Sélestat et son sapin

Une histoire de longue date

En ouvrant le registre des comptes de la Ville de Sélestat, dont les archives sont soigneusement conservées à la Bibliothèque Humaniste, une mention manuscrite est faite, à la page 239, d’une tradition qui s’affirme aujourd’hui bien au-delà des frontières...

 

"... de même 4 schillings aux gardes forestiers pour surveiller les mais à partir de la Saint Thomas".

 

Il s’agit là de la plus ancienne mention écrite connue au monde à ce jour faisant référence à l’Arbre de Noël.

 

Grâce aux travaux d’historiens passionnés par leur Alsace natale, son interprétation est limpide : si la ville de Sélestat doit ainsi protéger sa forêt en prévoyant une telle dépense, il est à supposer que le fait de décorer un arbre (et non plus une branche) à cette époque de l’année était relativement courant et faisait partie des coutumes.

Ce qui se confirme dans des écrits postérieurs datés de 1546, 1555 et 1557, tout aussi soigneusement préservés dans les archives de la Ville.

 

In Selestat, befindet sich das älteste Schriftstück, in dem die Rede von einem Weihnachtsbaum ist. Der Eintrag ist vom Dezember 1521 und betrifft eine Ausgabe von 4 schillings als Gehalt für Leute, die auf die «Meyen» im Gemeindewald aufpaßten. Das zu den Stadtarchiven entnommene Rechnungsbuch mit diesem Eintrag ist in der Humanistischen Bibliothek ausgestellt.

 

In Sélestat is held the oldest known written document about the Christmas tree dating from 1521. It explains that the city had to pay four schillings to the forest warden for looking after the fir trees from St Thomas day until Christmas, to prevent them being cut.

 


La Saint-Thomas

Mais revenons un moment à cette mention qui mérite quelques explications " ... de même 4 schillings aux gardes forestiers pour surveiller les mais à partir de la Saint Thomas "

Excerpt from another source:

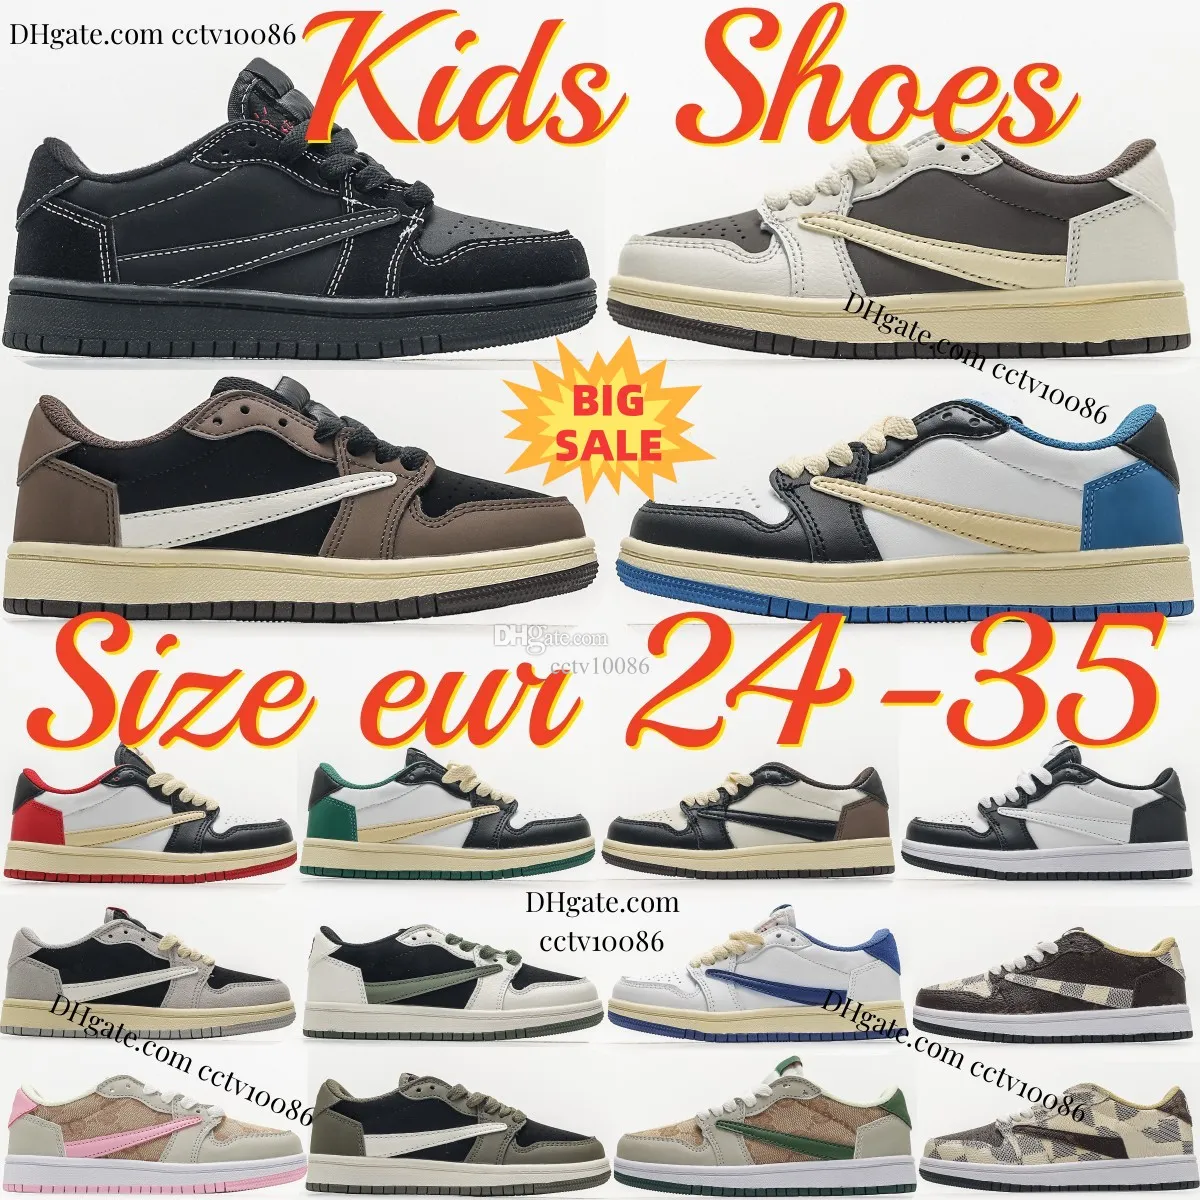 Shoes Kids 1 Designer 1s Low Basketball Sneakers Boys Kid Youth Toddler OG Shoe Girls Baby Children Reverse Mocha Trainers Olive Black Phantom Fragment size EUR 24-35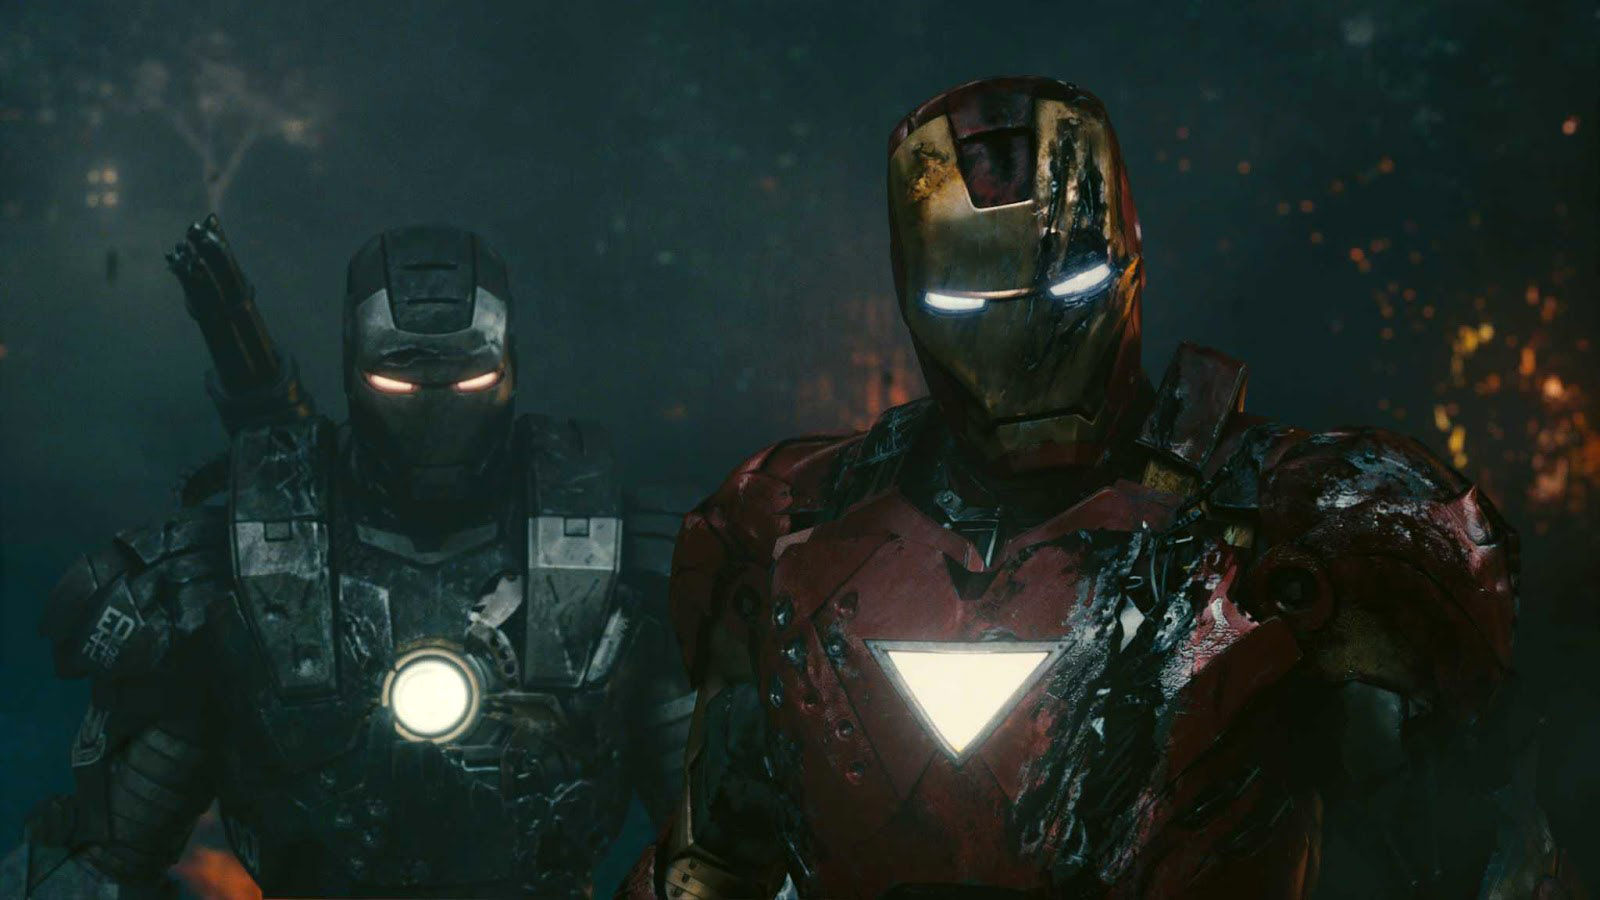 Iron Man 2 HD Wallpapers

Le mai est l’arbre érigé pour célébrer un événement ou pour honorer quelqu’un. Ensuite, s’il est vrai que Saint Thomas se fête aujourd’hui le 3 juillet, selon les anciennes dispositions liturgiques, la Saint Thomas se fêtait le 21 décembre, jour le plus court et nuit la plus longue de l’année. C’est donc, historiquement, à partir de cette date que l’on se mettait en quête du sapin de Noël. Le 21 décembre reste bien évidemment la date du début du solstice d’hiver.

Les écrits de Balthazar Beck

L’échanson à l’Hôtel de Ville de Sélestat, Balthazar Beck (1580 - 1641), dans sa chronique, décrit les principales coutumes observées à la " Herrenstube " (salle commune de l’Hôtel de Ville) lors de diverses fêtes ou cérémonies et notamment celles de Noël.

Il y chante le cérémonial des gardes forestiers apportant les mais, il nous précise la parure de l’arbre faite de pommes et d’hosties et il décrit le rituel invitant les enfants des magistrats, les conseillers de la Ville et les employés municipaux à secouer l’arbre de Noël et le dépouiller de ses décorations et friandises. C’était en 1601...

Une exposition complémentaire

Et si l’histoire sélestadienne ne dévoile pas toutes les évolutions et les anecdotes liées aux décorations et aux traditions ornementales du sapin de Noël, elle s’en fait l’écho au travers de l’exposition présentée dans la nef de l’Eglise Saint-Georges intitulée " Les décorations de l’Arbre de Noël depuis 1521 ".